4. The method according to any one of claims 1 to 3, wherein the processing the feature maps of the plurality of scales according to the target dimension, and determining the weight values of the feature maps of the plurality of scales in the target dimension respectively comprises:

5. The method of claim 4, wherein the target dimension is a channel dimension; fusing the eigenvalues of the same target dimension in the characteristic diagrams of multiple scales to obtain a three-dimensional tensor of the target dimension, comprising the following steps:

6. The method of claim 4, wherein the target dimension is a spatial dimension; fusing the eigenvalues of the same target dimension in the characteristic diagrams of multiple scales to obtain a three-dimensional tensor of the target dimension, comprising the following steps:

7. The method of any of claims 1-6, wherein the target dimensions include a spatial dimension and a channel dimension; according to the weighted values of the feature maps of the multiple scales in the target dimension, fusing the feature maps of the multiple scales to obtain a fused feature map, wherein the fused feature map comprises:

8. The method according to any one of claims 1 to 7, wherein the extracting of the features of the image to be segmented in multiple scales is performed to obtain the feature of the image to be segmented in multiple scales, and the method comprises the following steps:

and inputting the characteristic diagram of the image to be segmented into a plurality of cavity convolution layers with different step lengths to obtain the characteristic diagrams with various scales.
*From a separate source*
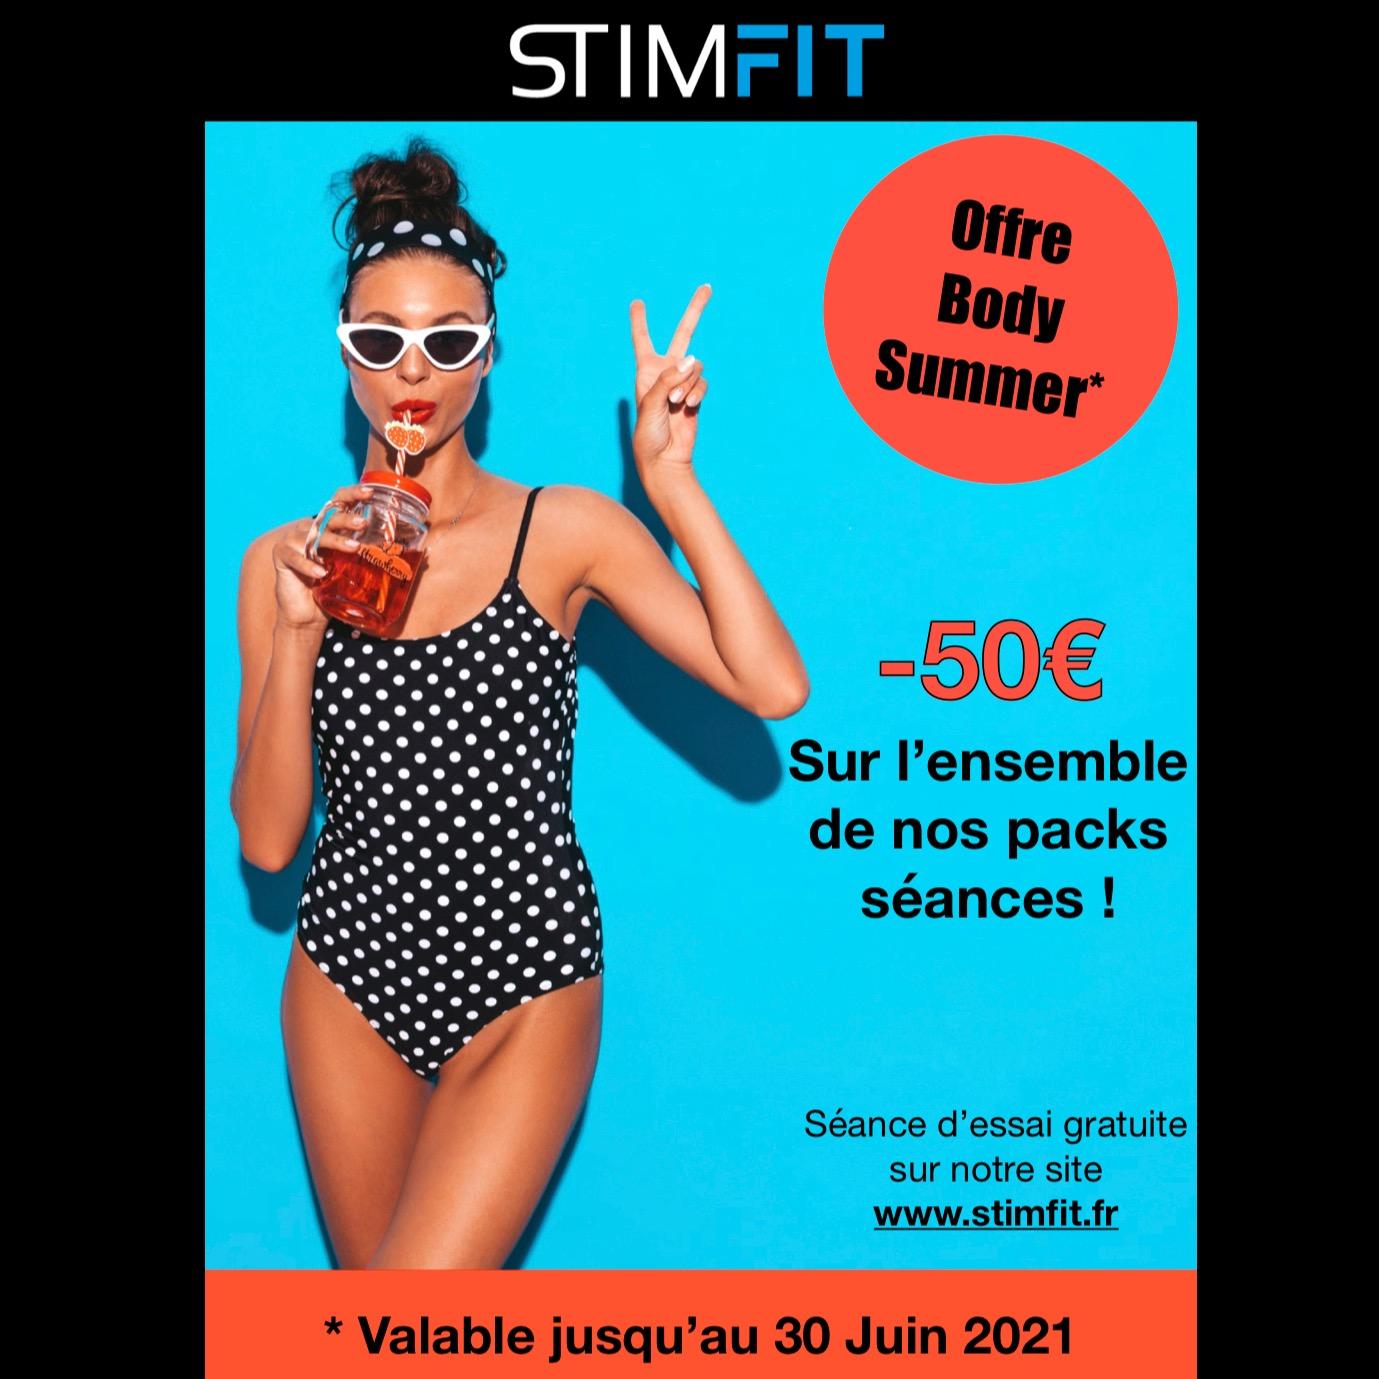 Offre Body Summer

9. An image segmentation apparatus, characterized in that the apparatus comprises:

10. An electronic device comprising a memory, a processor and a computer program stored on the memory and executable on the processor, the processor when executing implementing the image segmentation method according to any one of claims 1 to 8.

11. A computer-readable storage medium storing a computer program for causing a processor to execute the image segmentation method according to any one of claims 1 to 8.